Wow Wal-Mart, indead. I went to the local Wally-Mart today, July 4. The ammo shelves were virtually empty. I asked the salesman when the next shipment was due. He had no idea. He then told me that the Chinese were buying up all of the worlds lead for some project they have cookin'. I hope it's not to send the lead back , 124 grains at a time.


----------



## Twolf (Jun 20, 2007)

Walmart is the only place I buy my target and hunting ammos. I get my HP ammos at a near by sporting goods because wal-mart don't carry it. They just don't have alot of selection to choose from and don't have alot of them in stock, if you just shoot the regular ammos then it's the place to buy it from.


----------



## Revolver (Aug 26, 2006)

drummin man 627 said:


> Wow Wal-Mart, indead. I went to the local Wally-Mart today, July 4. The ammo shelves were virtually empty. I asked the salesman when the next shipment was due. He had no idea. He then told me that the Chinese were buying up all of the worlds lead for some project they have cookin'. I hope it's not to send the lead back , 124 grains at a time.


We've been selling all of our scrap metals to China. Nothing new. They're gonna put an economic hurting on us with it.


----------



## Rob_TN (Jun 18, 2007)

I'm glad to hear the rounds were made in the USA. 

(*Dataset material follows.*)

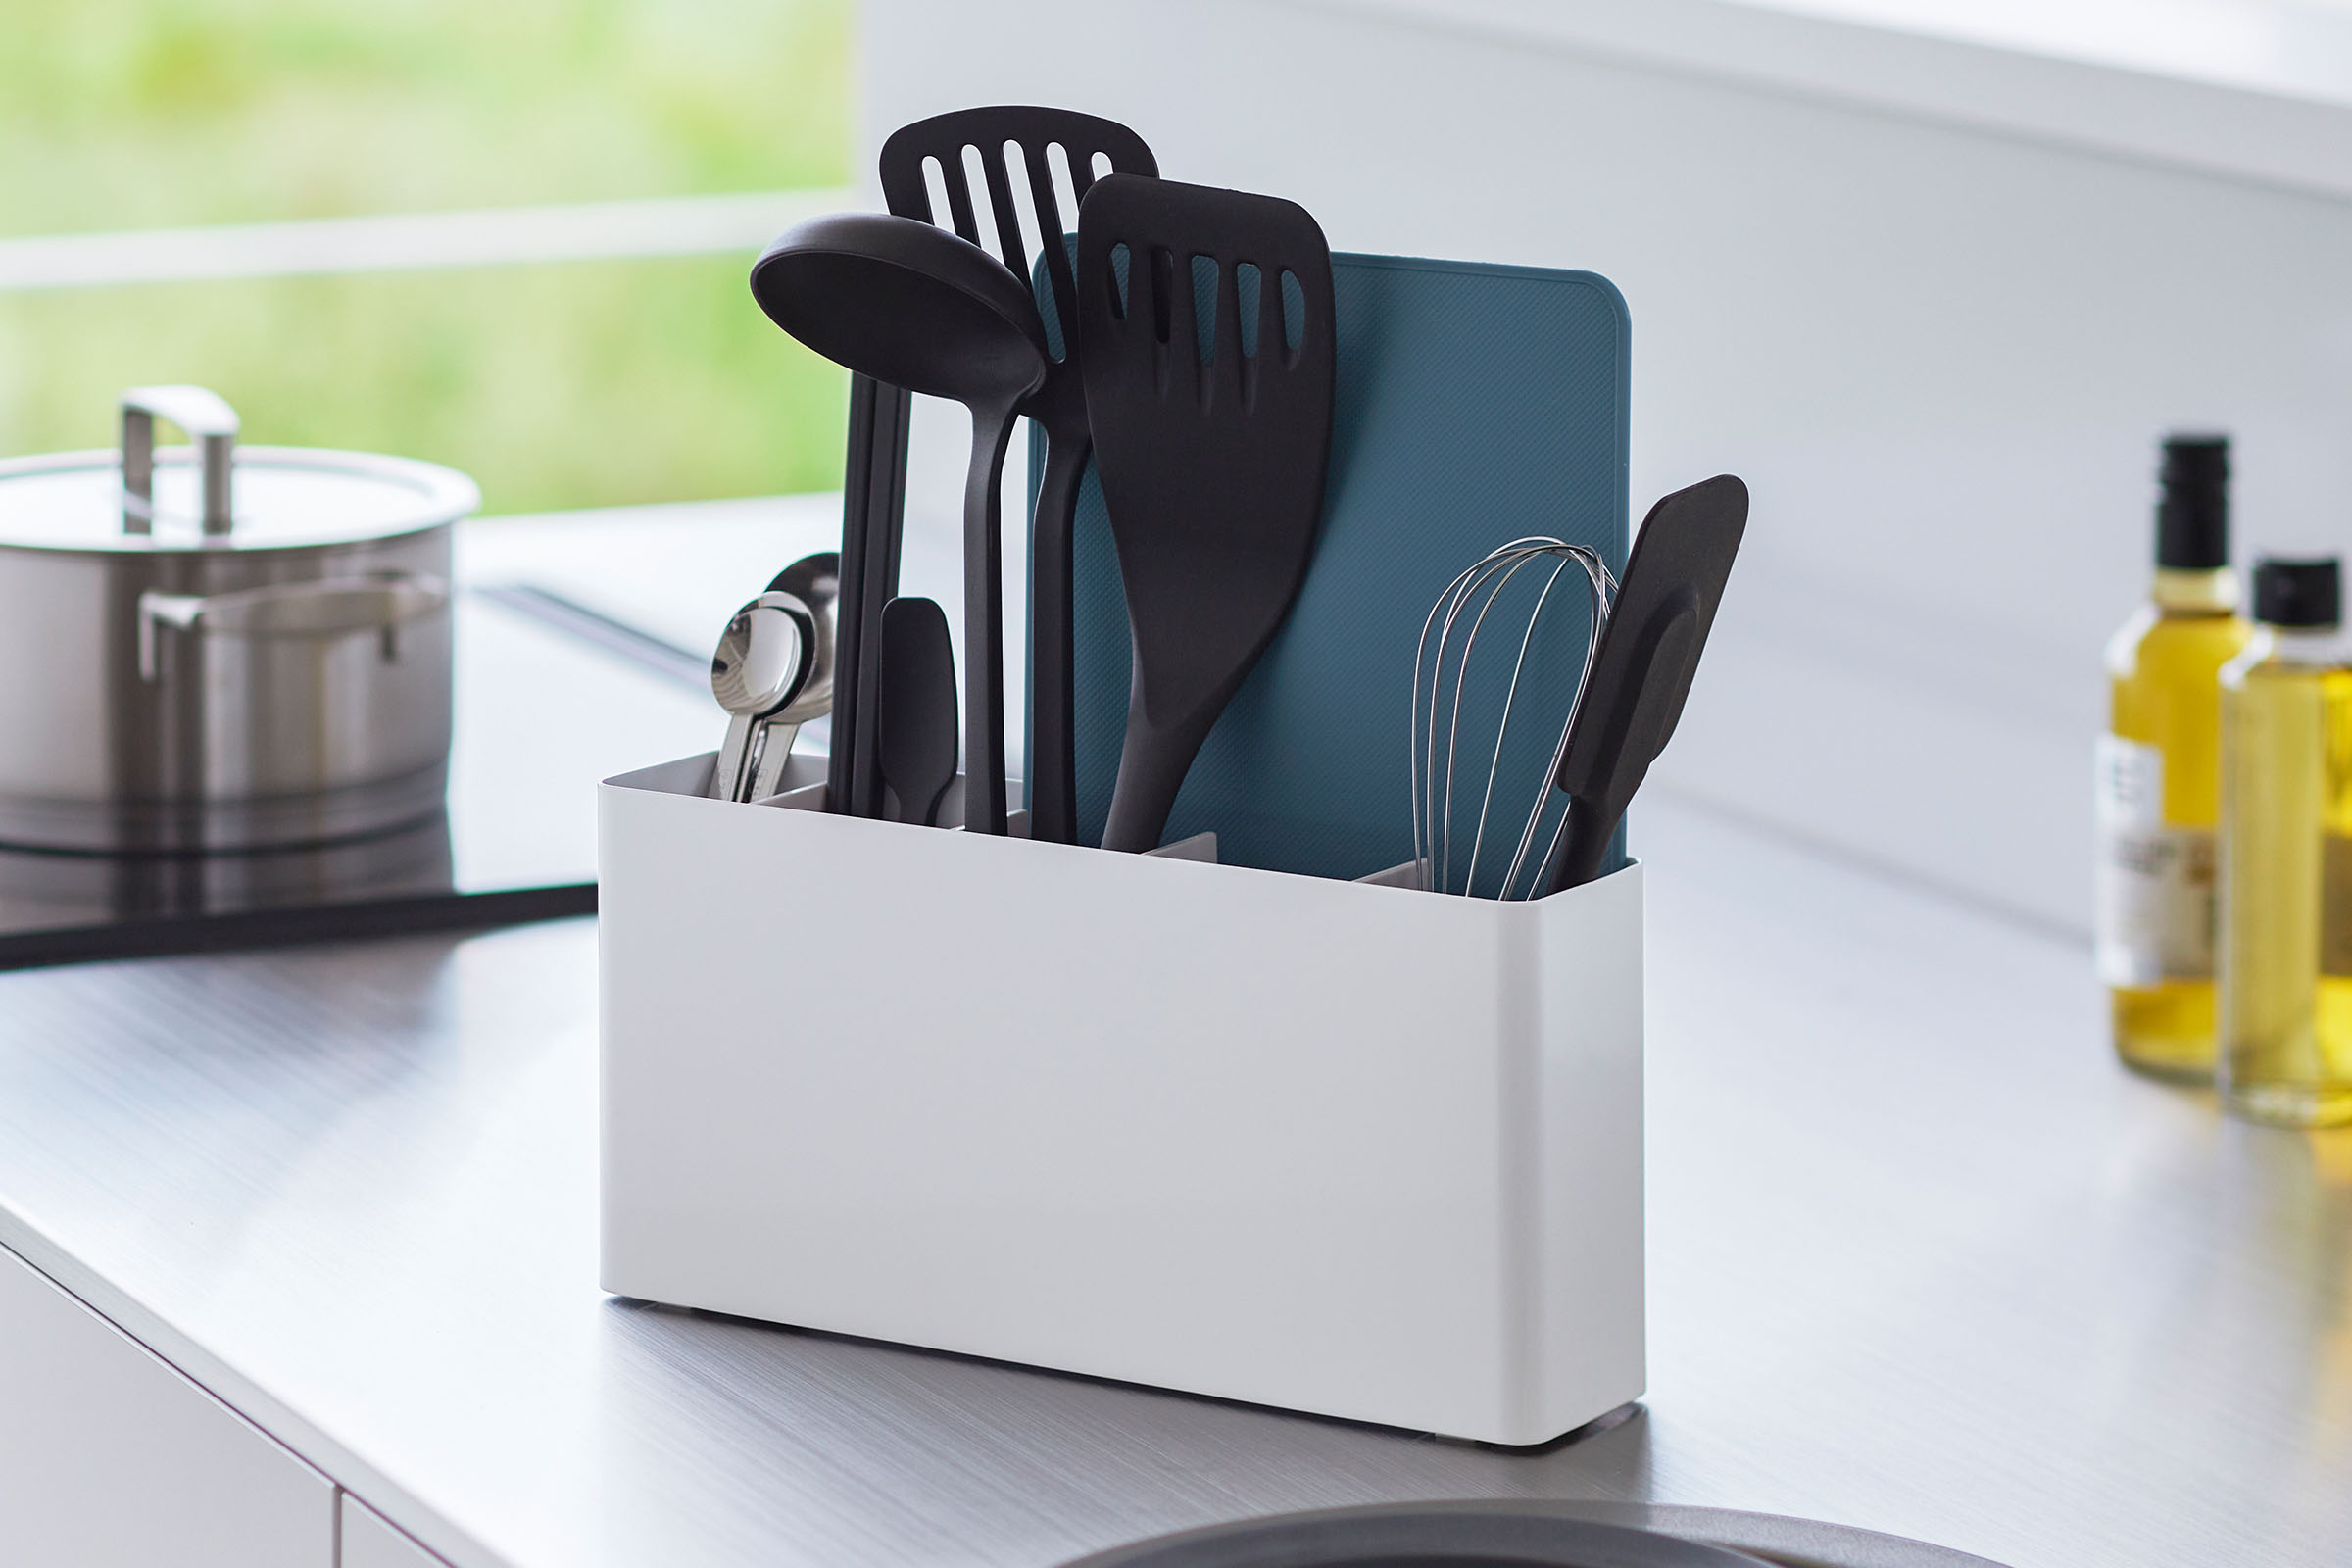 White Utensil & Thin Cutting Board Holder by Yamazaki Home on a kitchen counter, holding various utensils and a cutting board.

The Chinese have a lot more planned for us than just an economic hurtin'.


----------



## drummin man 627 (Dec 25, 2006)

I guess we didn't learn our lesson in 1939-1940.


----------



## Sigma_6 (Jun 27, 2007)

Yeah I buy alot of ammo from wally world, ya see I live about twenty minutes from centerfire systems and the local wallys are in price contention with them due to how close they are. So Wal-mart price matches for me as long as I dont abuse it. I get my .357s for 11.97 a box just for an example. Wal-marts normal price on them is about 23.00 a box.


----------



## milquetoast (Nov 25, 2006)

stevexd9 said:


> I tried online but the shipping was just too much then I went to walmart and I was able to get 45 auto for 11.22 for a box of 50. (cci blazer brass) the same box cost 17 at the range  I still think that a lot compared to what i've seen others pay, but for around my area that seems pretty cheap. I finally found a use for walmart :smt023I


CCI Blazer Brass .45 just went up to $11.97/50. WWB is $27 or $28/100, up from $20/100 last year.

Paraphrasing W. C. Fields, the cost of living is up a nickel a shot.


----------



## SigZagger (Aug 16, 2006)

I'm starting to get concerned. Is the writing on the wall? Are the anti-gun people cooking up something under the radar? Overprice the ammunition to reduce gun sales? It can't be all about the cost of brass, export fees, the war. Nope, it is beginning to smell bad. I believe we are getting our ass kicked :buttkick: and the knockout punch is soon to follow. :help:


----------



## milquetoast (Nov 25, 2006)

SigZagger said:


> I'm starting to get concerned. Is the writing on the wall? Are the anti-gun people cooking up something under the radar? Overprice the ammunition to reduce gun sales? It can't be all about the cost of brass, export fees, the war. Nope, it is beginning to smell bad. I believe we are getting our ass kicked :buttkick: and the knockout punch is soon to follow. :help:


I wonder the same thing. Drive all the gun stores out of business, leave Wal-Mart as the only source of ammo, then they stop carrying ammo, and that's that.


----------